MATERIALS PROVIDED Block Start
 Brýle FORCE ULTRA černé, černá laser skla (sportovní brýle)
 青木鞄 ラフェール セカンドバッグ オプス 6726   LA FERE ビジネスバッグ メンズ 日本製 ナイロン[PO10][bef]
MATERIALS PROVIDED Block End
MATERIALS PROVIDED Block Start
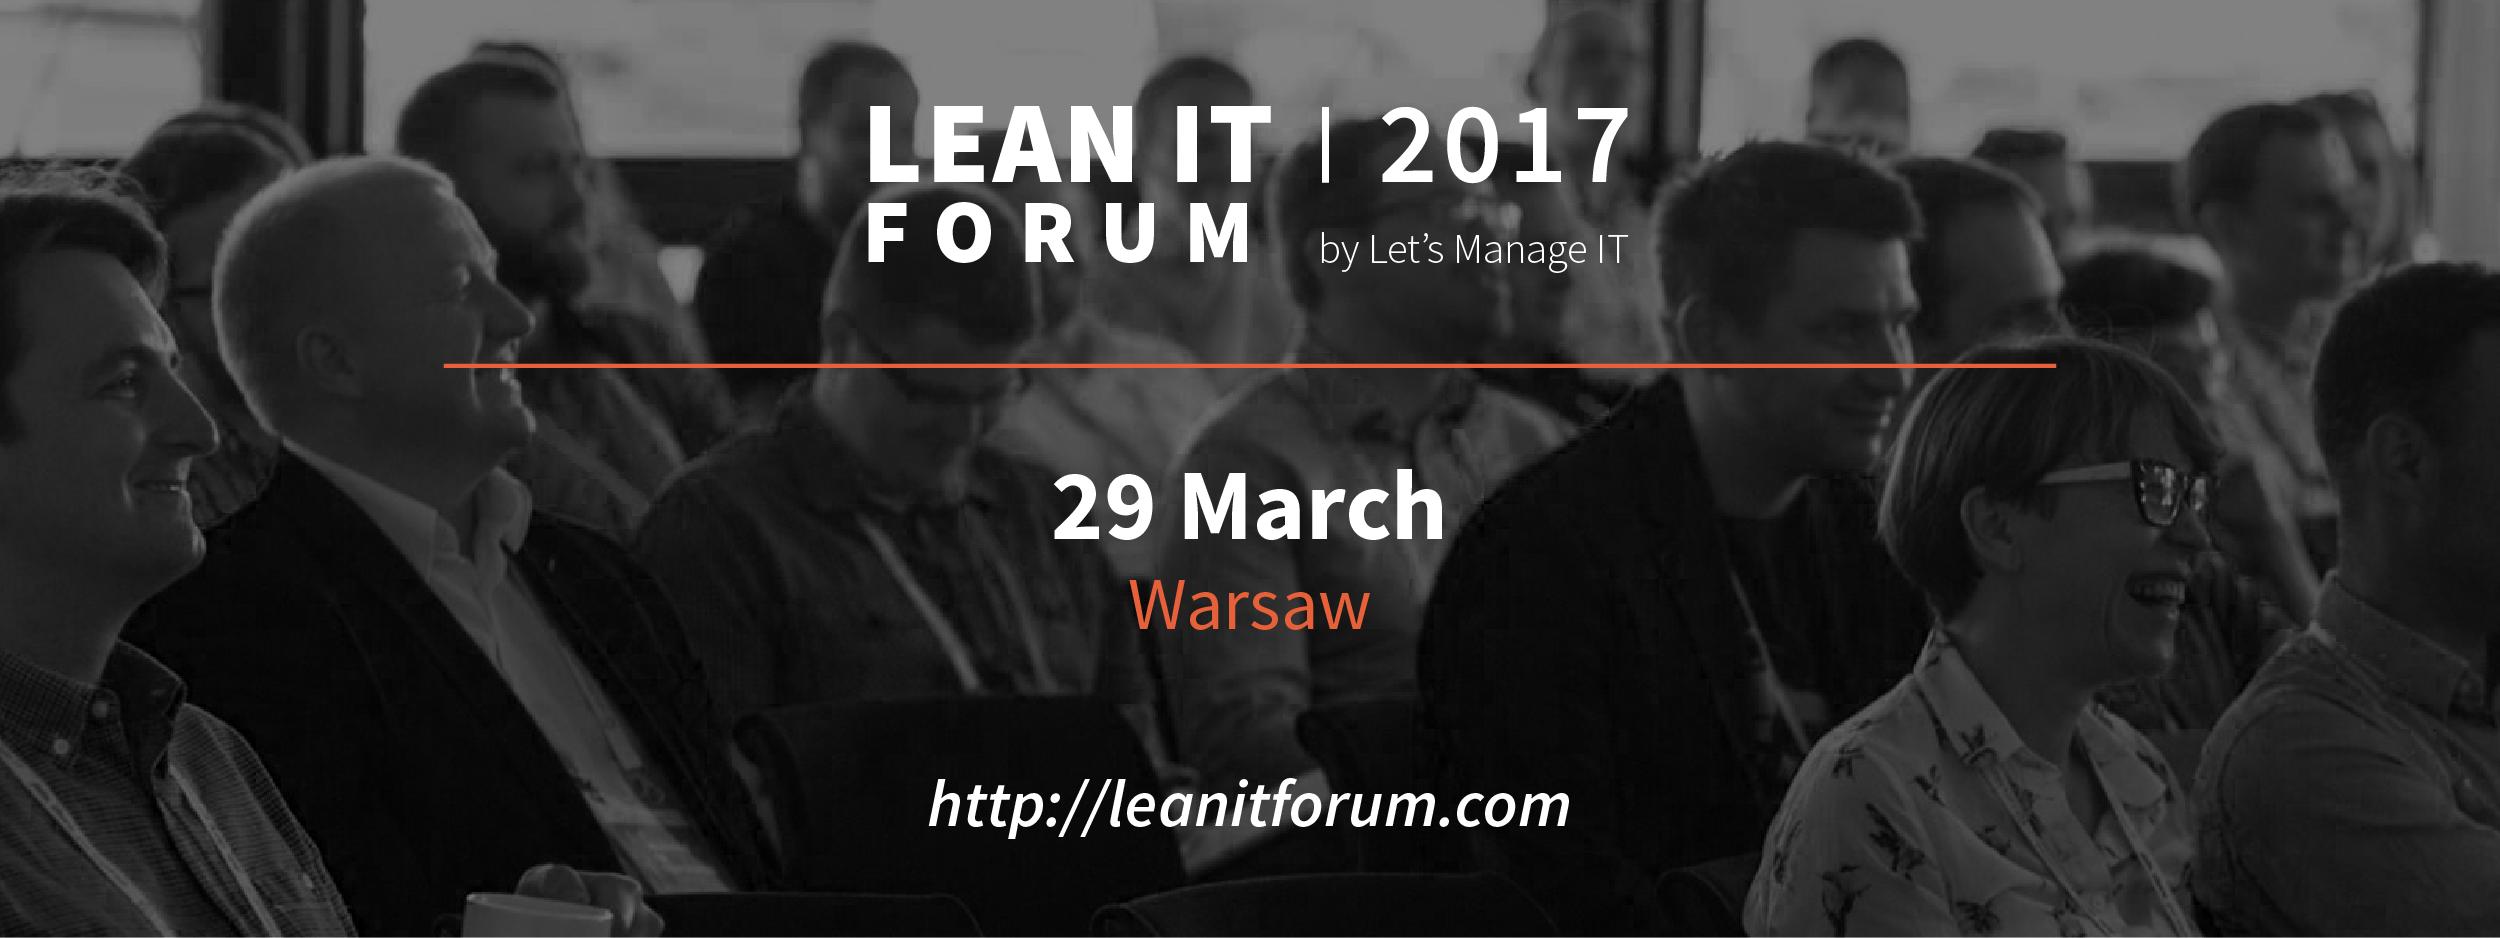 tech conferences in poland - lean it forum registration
MATERIALS PROVIDED Block End
MATERIALS PROVIDED Block Start
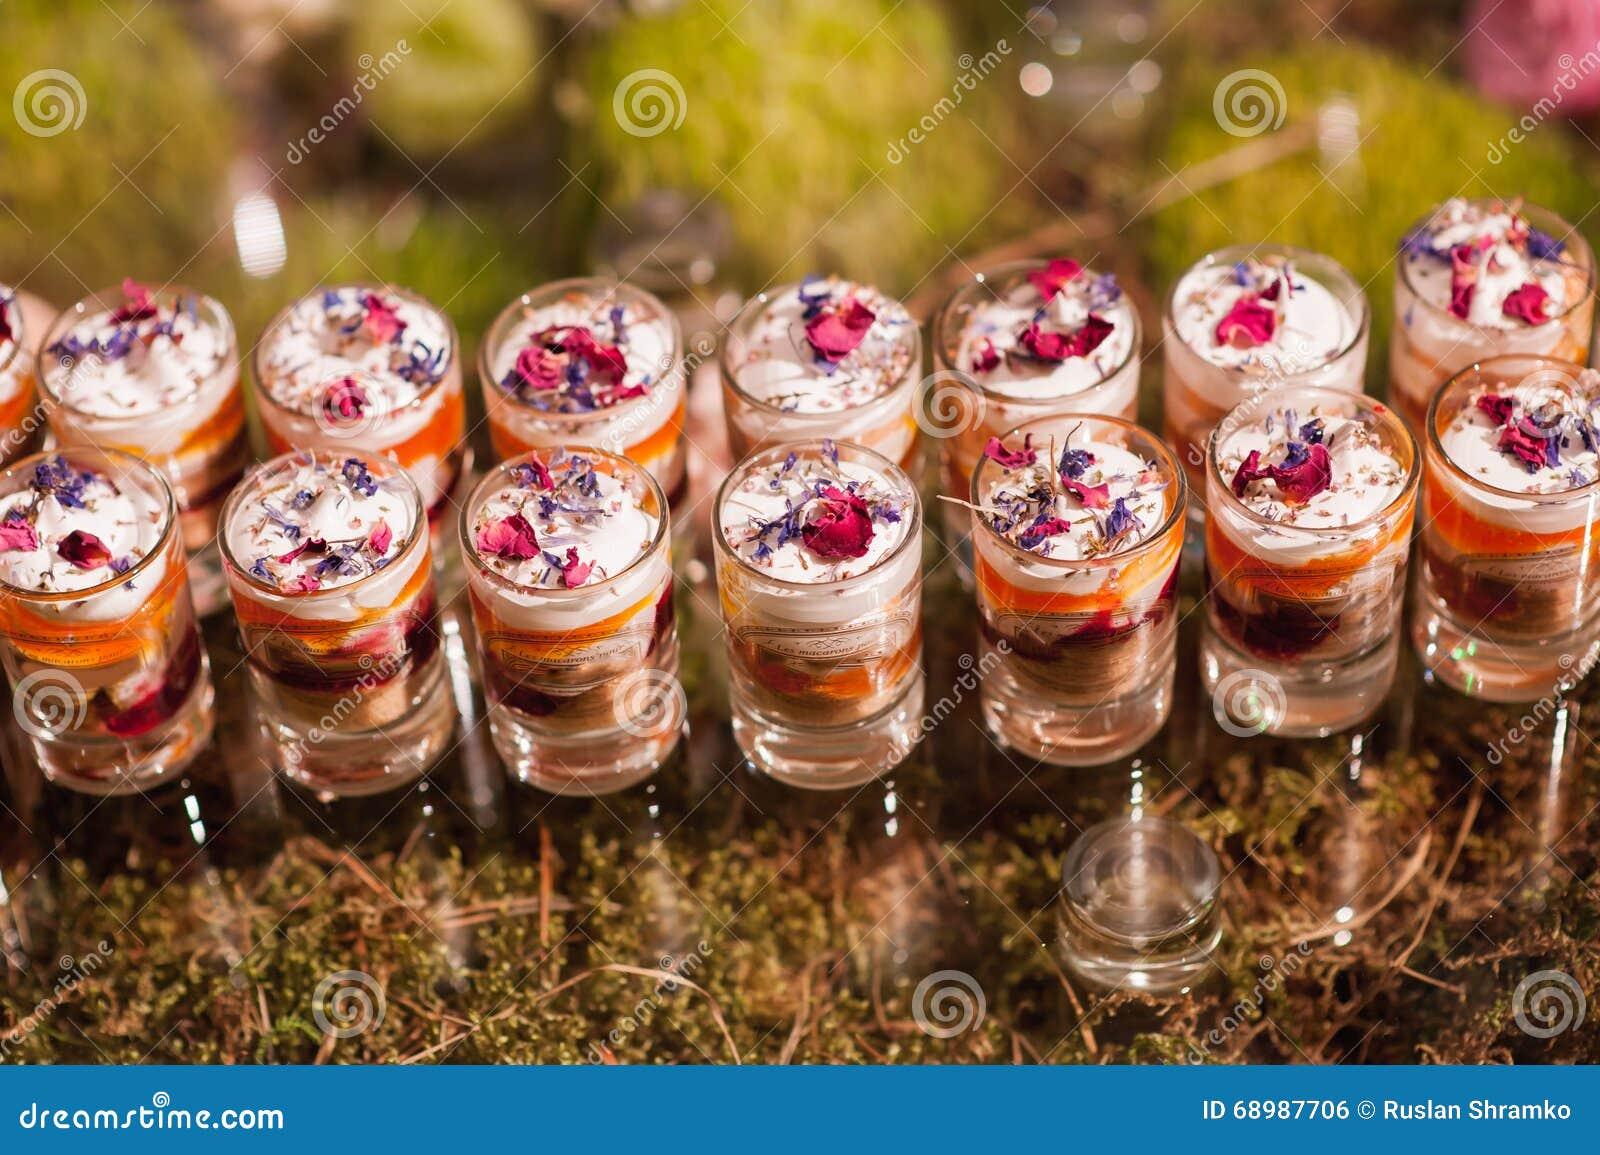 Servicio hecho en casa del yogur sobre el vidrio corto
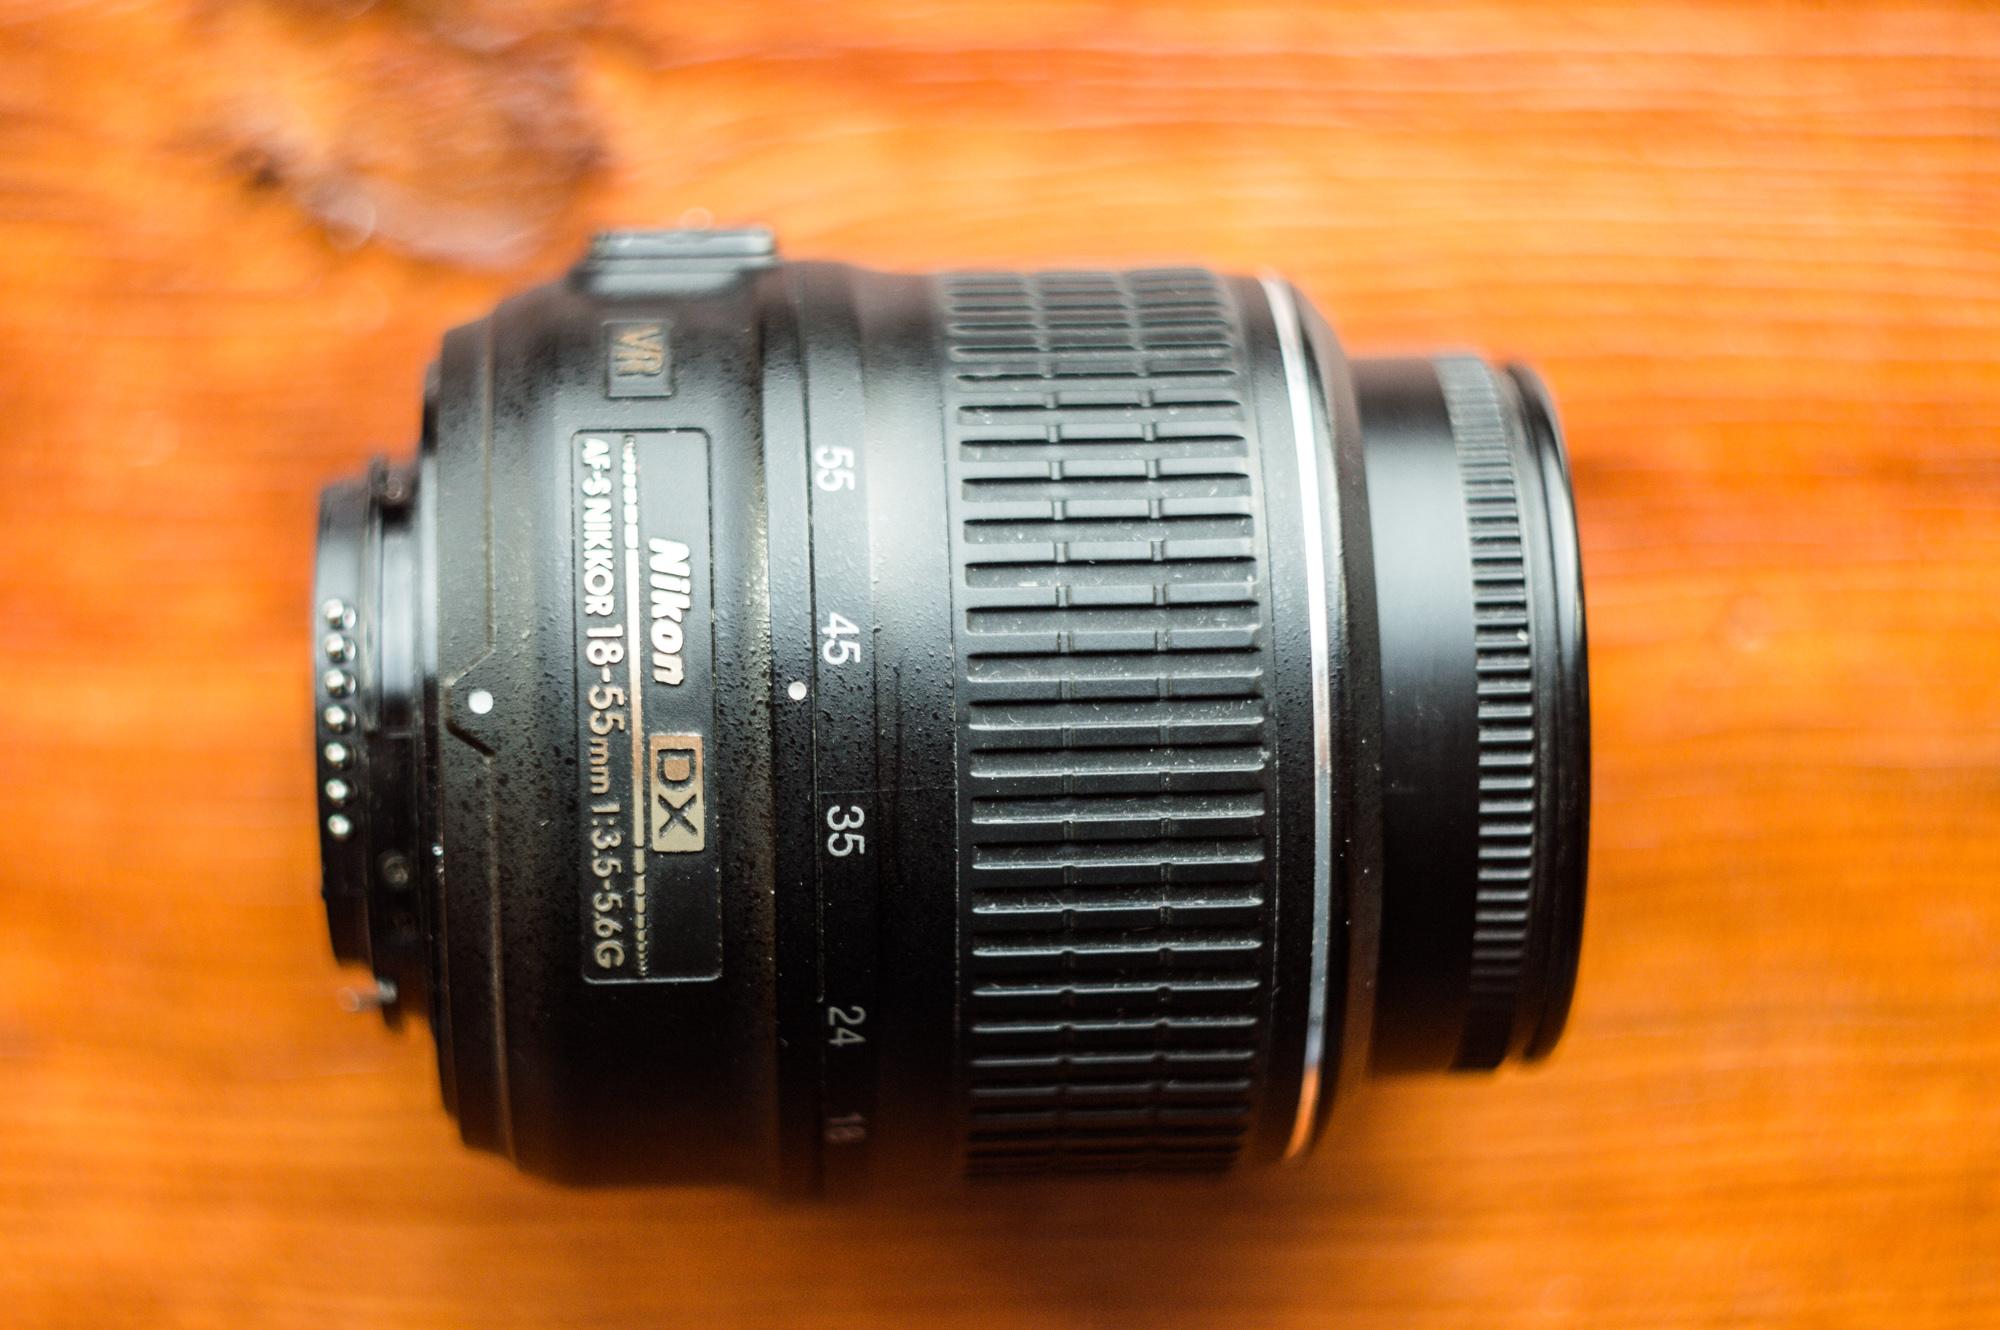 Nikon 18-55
MATERIALS PROVIDED Block End
Once you find the line with "Brýle FORCE ULTRA" in the entries above, output it and each line after it up to and including the line with "青木鞄 ラフェール セカンドバッグ", and nothing else.

 Brýle FORCE ULTRA černé, černá laser skla (sportovní brýle)
 青木鞄 ラフェール セカンドバッグ オプス 6726   LA FERE ビジネスバッグ メンズ 日本製 ナイロン[PO10][bef]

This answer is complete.